«Un fantasma recorre Europa…», así se indicó, es el título del sexto capítulo de Marx sin ismos [1]. El capítulo, tal vez uno de los más excelentes del libro, presenta como se apuntó los siguientes apartados: «Un texto excepcional», «Un clásico para los de abajo», «En la tradición liberadora, más allá de la utopía», «Un […]
«Un fantasma recorre Europa…», así se indicó, es el título del sexto capítulo de Marx sin ismos [1]. El capítulo, tal vez uno de los más excelentes del libro, presenta como se apuntó los siguientes apartados: «Un texto excepcional», «Un clásico para los de abajo», «En la tradición liberadora, más allá de la utopía», «Un texto perturbador», «Manifiesto, no catecismo», «Dar nombre a las cosas», «1848», «Partido», «Democracia y revolución». Se ha comentado el penúltimo apartado; me centro ahora en «Democracia y revolución», términos que algunos, hasta no hace demasiado tiempo, considerábamos un oxímoron cuando una simple una insuperable contradicción.
La otra gran palabra cuyo significado convenía precisar en este contexto, señala FFB, es «democracia». ¿Era Marx demócrata? Si lo era, ¿en qué sentido lo era? A estas dos preguntas responde el autor de Por una universidad democrática en este apartado, el último del capítulo.
Sobre este nudo se había discutido al menos tanto como acerca de las convicciones de Marx sobre el judaísmo. No de manera inocente ni políticamente plana. En muchos casos, desde luego, la discusión estaba mediatizada por el significado que nosotros nos hemos acostumbrado a dar a palabras como «democracia» y «demócrata» en la segunda mitad del siglo XX (y en lo que llevamos del siglo XXI) y «por las declaraciones explícitas de muchos comunistas de este siglo en el sentido de que, socialmente hablando, hay o puede haber otra cosa mejor que la democracia política representativa». La «dictadura» del proletariado por supuesto.
Se debían aclarar, pues, preliminarmente dos cosas.

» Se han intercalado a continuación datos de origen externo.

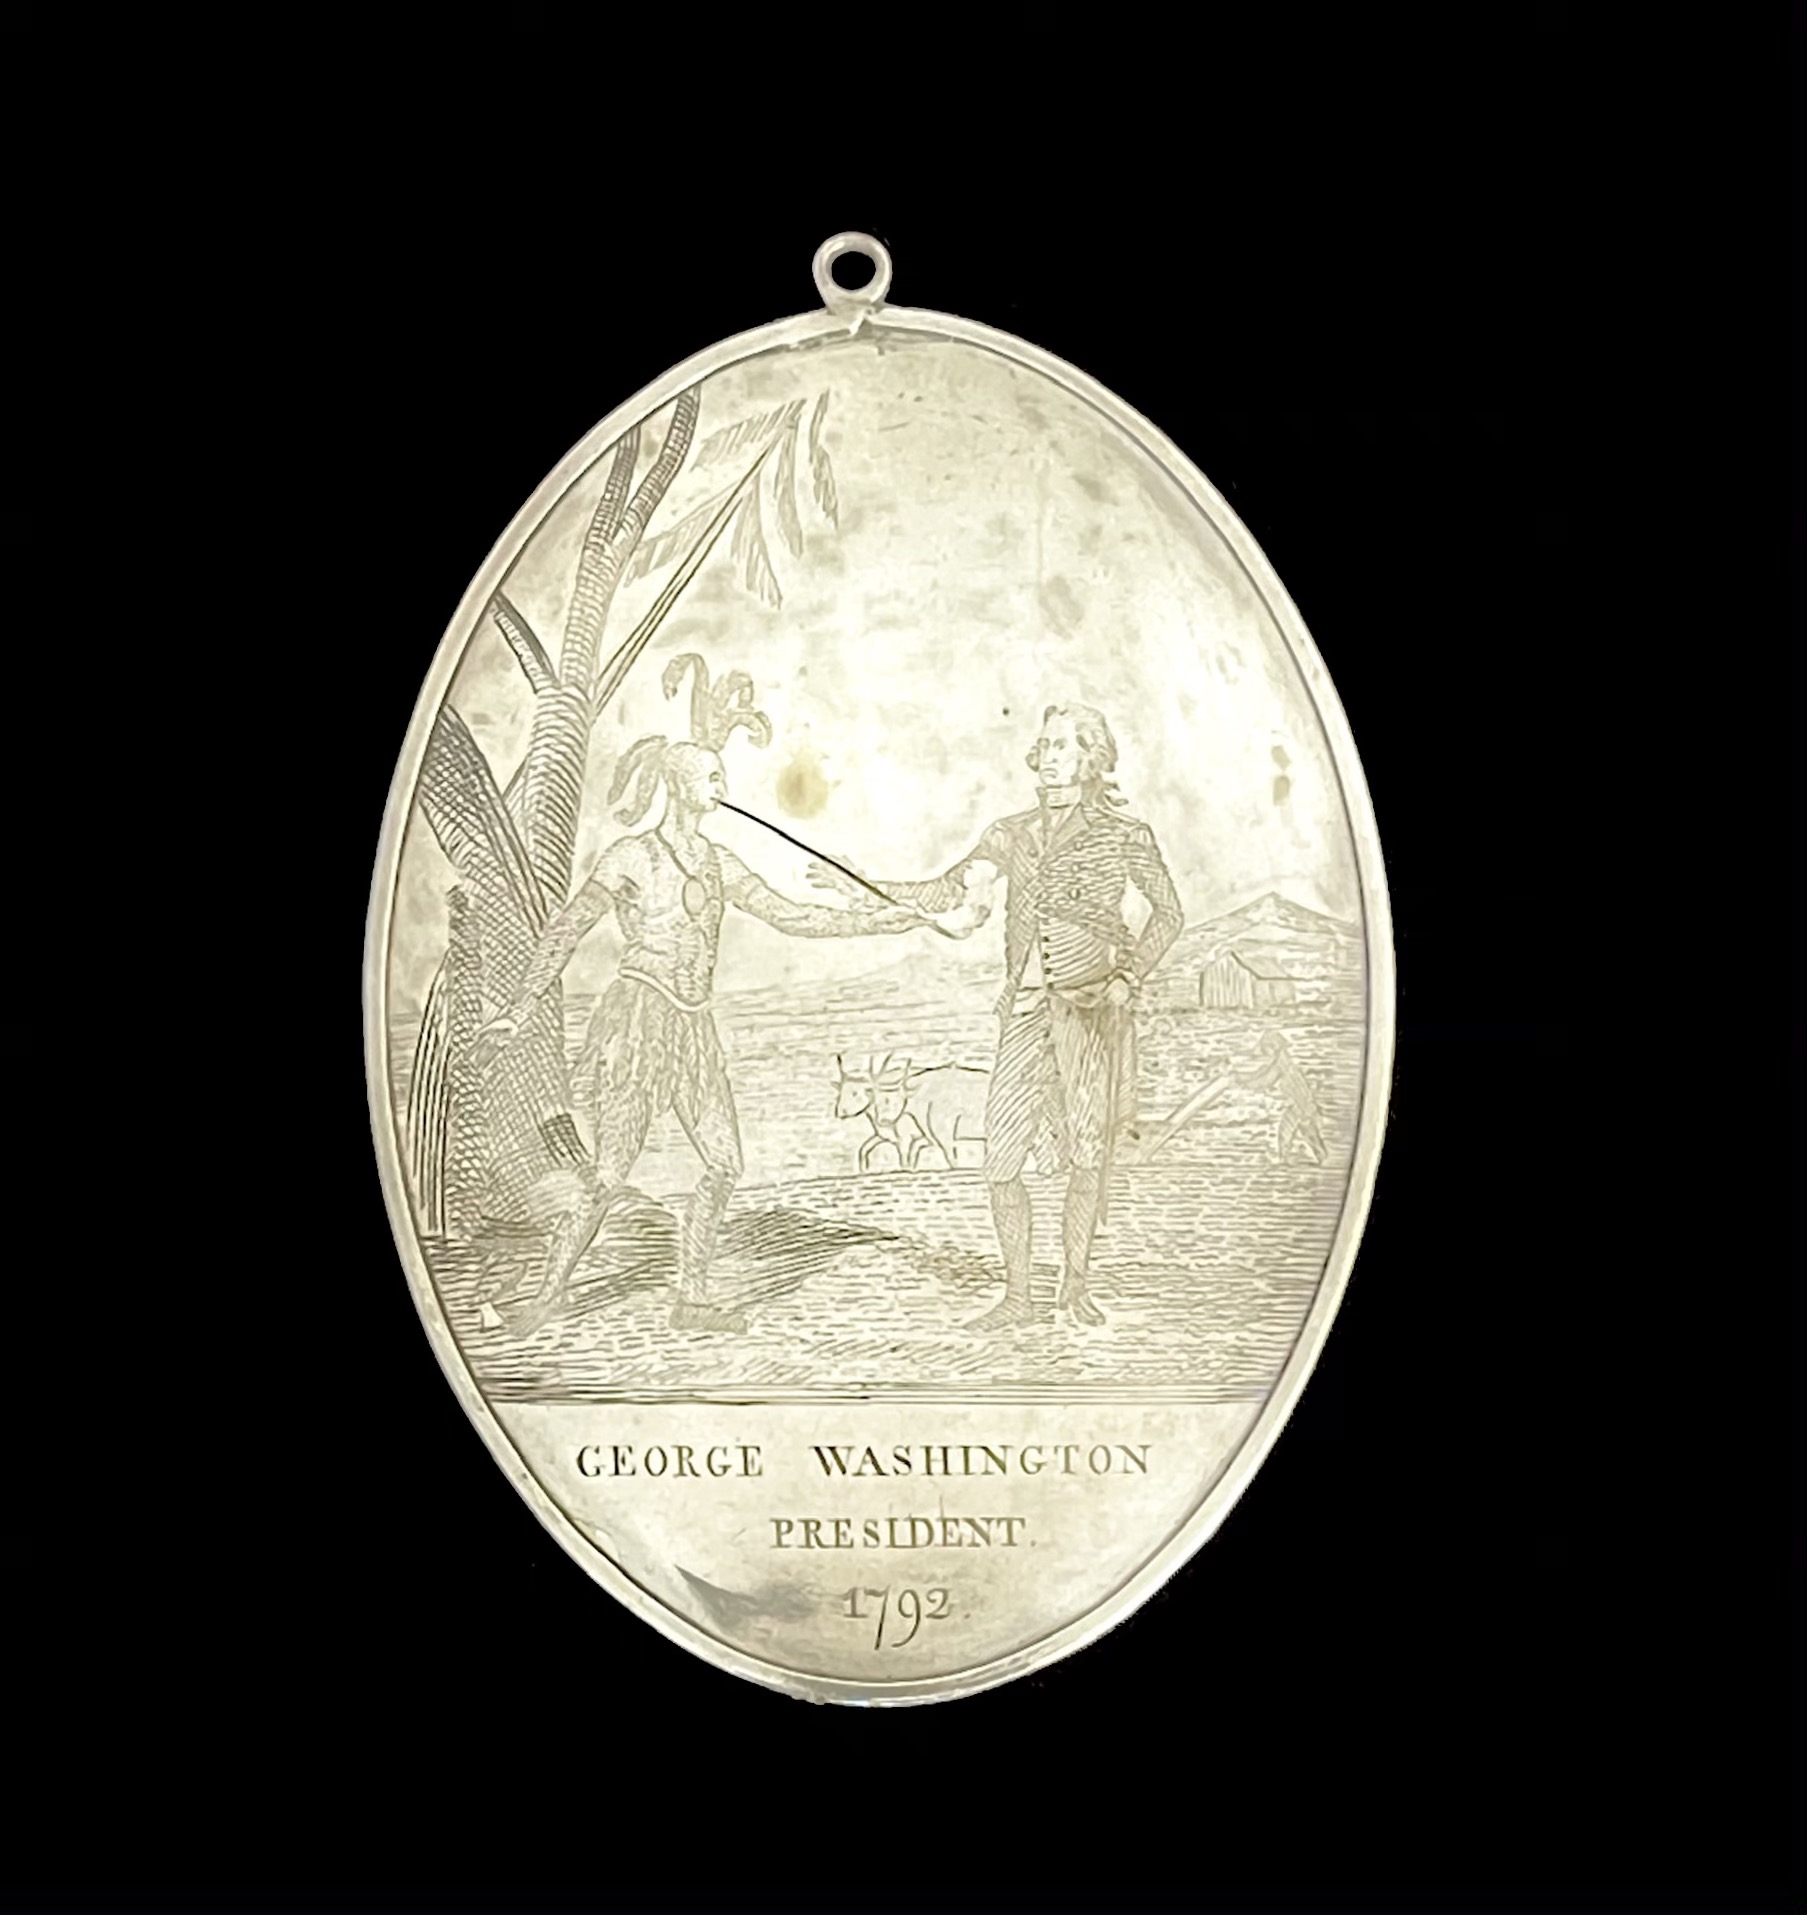 The Red Jacket Peace Medal (Image courtesy of The Buffalo History Museum)

Una, elemental pero muy necesaria: «que el concepto de democracia en el lenguaje y la práctica políticas de 1848 (no sólo en el lenguaje y la práctica de Marx) tiene muy poco que ver con la concepción formal y normativa de la democracia imperante en este fin de siglo». Dos: no menos elemental pero conceptualmente más importante aún: «la dictadura proletaria, de la que Marx empezó a hablar en 1849, no es una forma de estado, ni un régimen político que se oponga a la democracia». Nada de eso. ¿Qué era entonces? «La postulación de una situación transitoria en un proceso revolucionario inspirada en el modelo jacobino francés.»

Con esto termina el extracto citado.